I think PyPy guys had some crazy ideas of connecting STM transactions to SQL transactions, but I have no idea how that will work with network connectivity issues etc.

masklinn · on Feb 11, 2014

> STM is about pure computations.

Yes, side-effects (not just I/O, altering non-transactional mutable bindings or objects is also broken) within transactions is fraught with peril as they may be retried time and time again until they succeed. You can still do transactions in languages unable to segregate side-effects, it's just (much) riskier (Clojure/Clojurescript has CAS-based semantics on atoms — usually performed through the higher-level `swap!` operation. It works quite well, but the language will not save you from the footgun of side-effects within a transaction and it will potentially retry hundreds of times if there's a lot of contention on the atom)

thirsteh · on Feb 10, 2014

> STM is about parallelism of your computations, not about concurrency (or any kind of IO).

I'm sorry, what? STM is entirely a concurrency construct. You wouldn't need it if you didn't have concurrency... The whole idea is that access to shared memory happens through database-like transactions.

k_bx · on Feb 11, 2014

Yes, I was wrong. What I was referring to is that STM is "pure" concurrency, while gevent is for IO concurrency, and that you don't do any IO inside STM.

kbutler · on Feb 10, 2014

I think the confusion here is that CPython and PyPy provide single-process concurrency (but not parallelism) without STM. The GIL allows multiple threads to execute concurrently within a single process, but only one thread to execute at a time.

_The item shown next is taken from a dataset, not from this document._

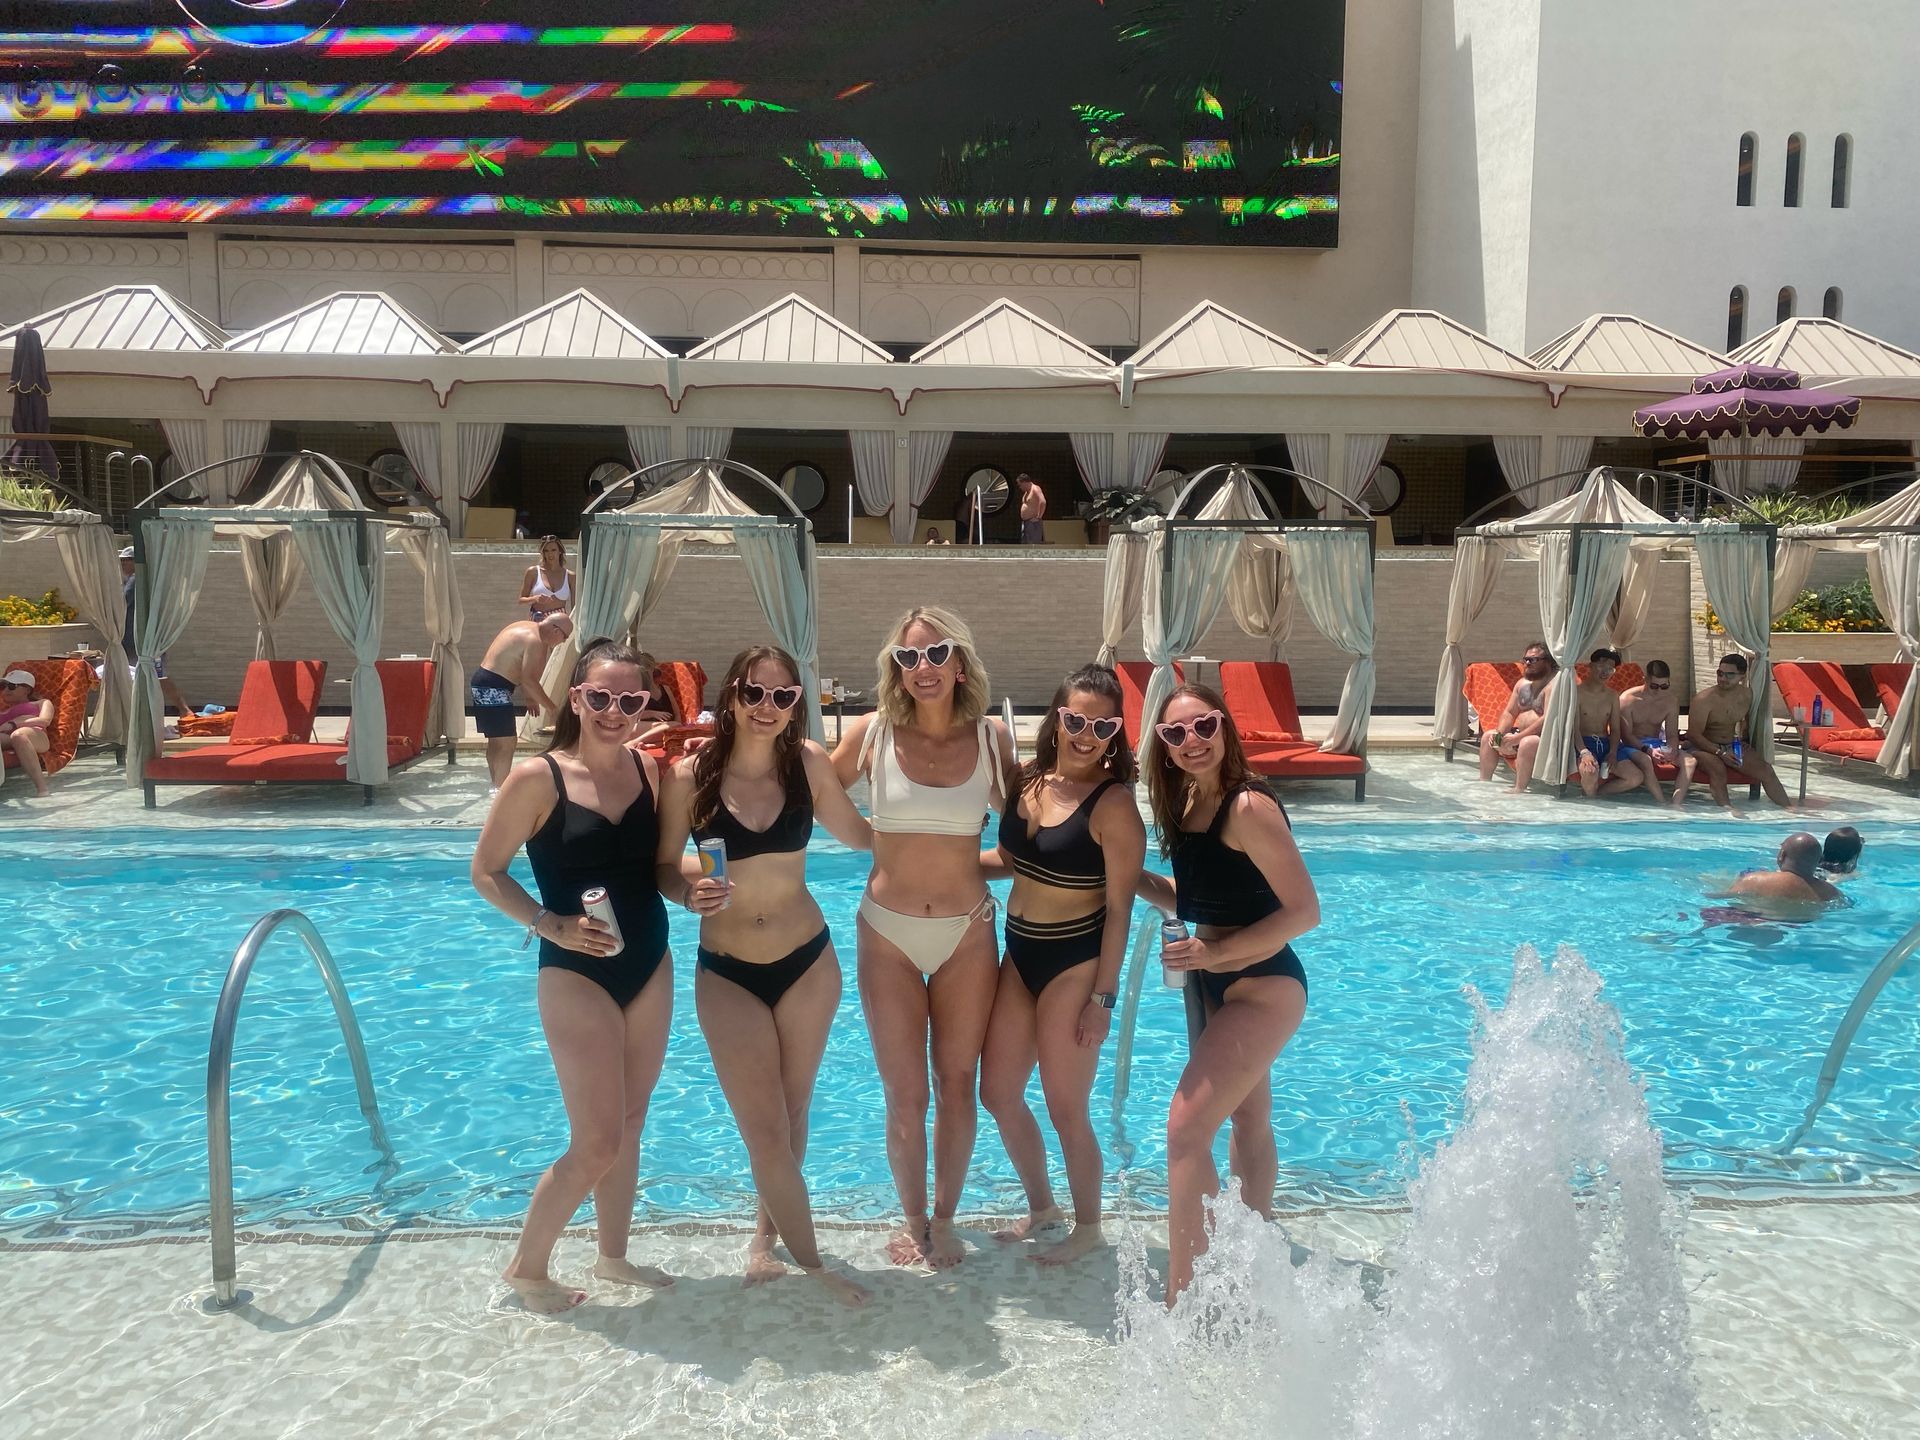 Las Vegas: Skip-the-Line Pool Party Tour

PyPy is implementing an STM solution to provide single-process parallelism in Python, allowing multiple threads to execute at a time, and detecting and recovering (re-executing) when they conflict.

So while STM can be used in concurrent execution without parallelism, existing Python interpreters provide concurrent execution without STM, and PyPy only needs STM to provide parallelism.

pekk · on Feb 10, 2014

> The GIL allows ... only one thread to execute at a time.

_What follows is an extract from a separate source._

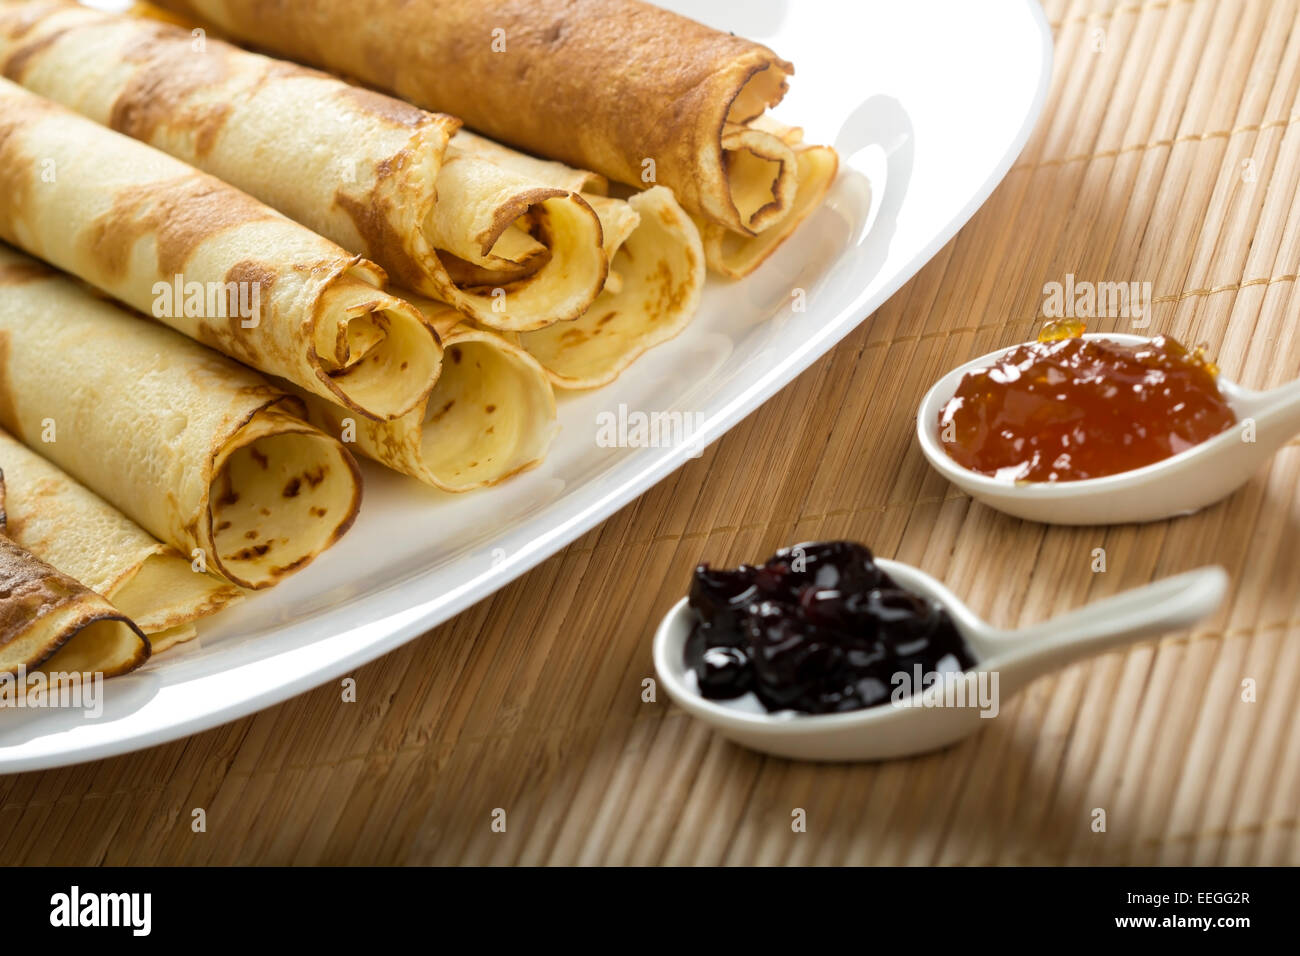 Rolled pancakes with orange jam and black cherry jam Stock Photo

No, only one thread can hold the GIL at a time. Not everything requires holding the GIL. You can still get multithreading benefits for IO-bound work and for work done in C extensions like numpy.

kbutler · on Feb 10, 2014

The GIL allows ... only one thread to execute /Python bytecode/ at a time.

rdtsc · on Feb 10, 2014

Concurrency:

* A property of your algorithm and your problem space. Some frameworks / libraries have multiple ways of handling concurrency. Callback chains, threads, waiting on events, etc. This says nothing at all about whether you'll get a speed-up at runtime or not.

* Concurrency is usually split into CPU and IO.

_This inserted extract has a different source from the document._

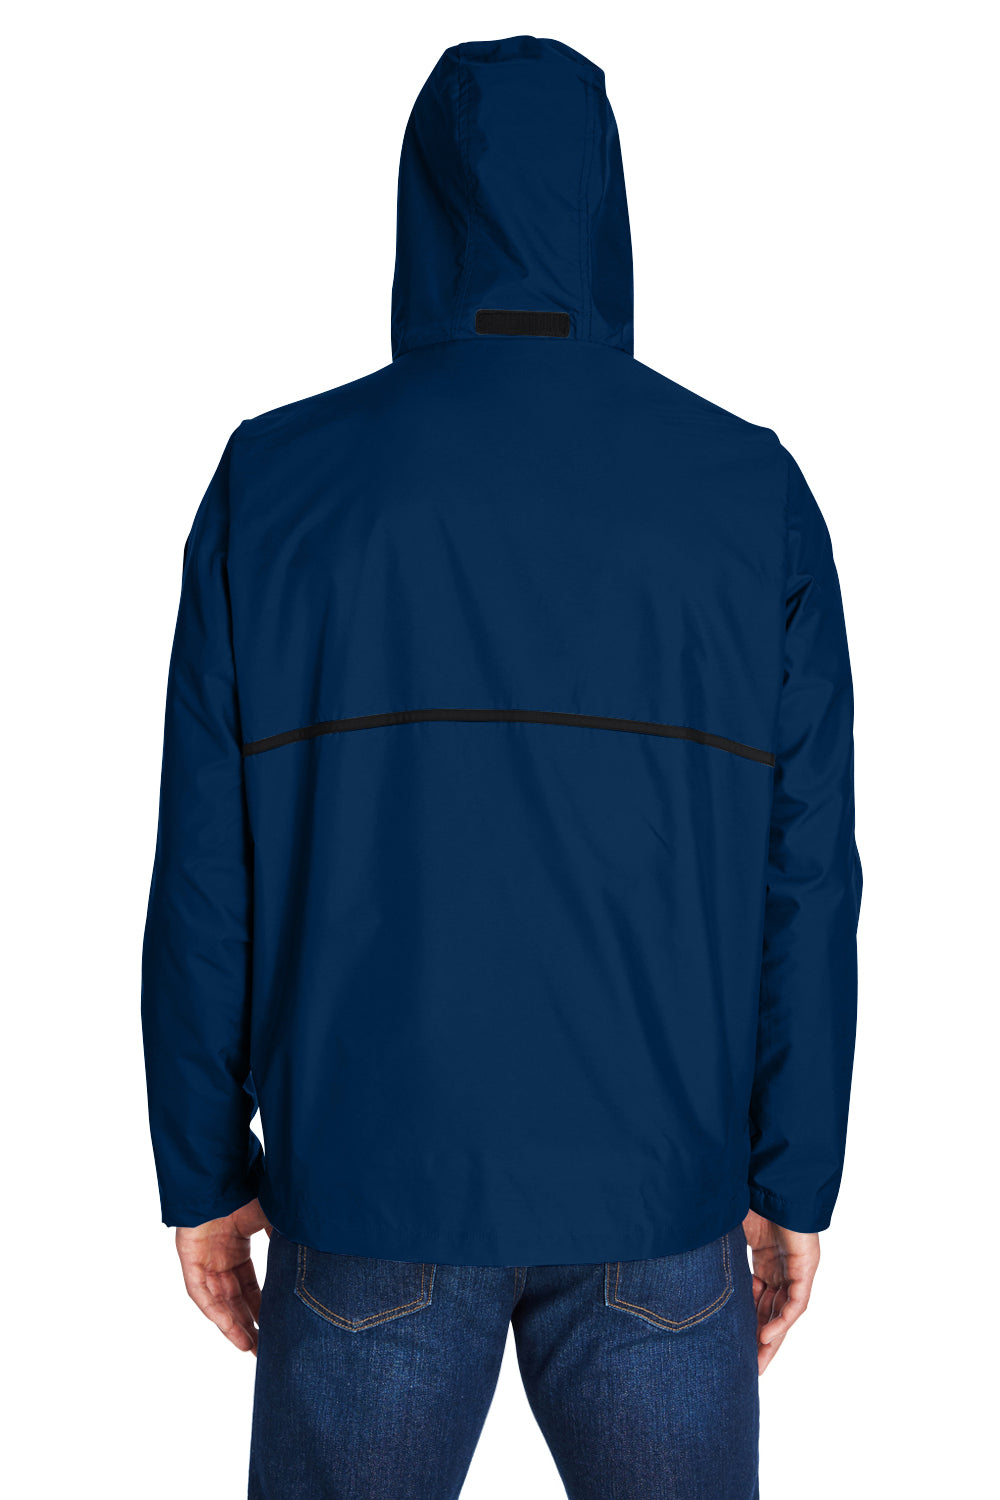 Team 365 TT70 Mens Conquest Wind & Water Resistant Full Zip Hooded Jacket Navy Blue Back

+ CPU concurrency means your code computes things that are largely independent on each other (you divide an image into sub-blocks and compute some function all of them and those functions are concurrent while they run).

+ IO concurrency means your code does input output operations that are independent. You might handle multiple client connections. A connection from one client is not in large, dependent on connections from another client.

Parallelism:

* Parallelism is a property of your runtime system, the particular library, language, framework, hardware, motherboard, that helps you run multiple concurrency units at the same time.

* You would often want to map your concurrency units to run on the parallel execution resources your platform provides as well as possible.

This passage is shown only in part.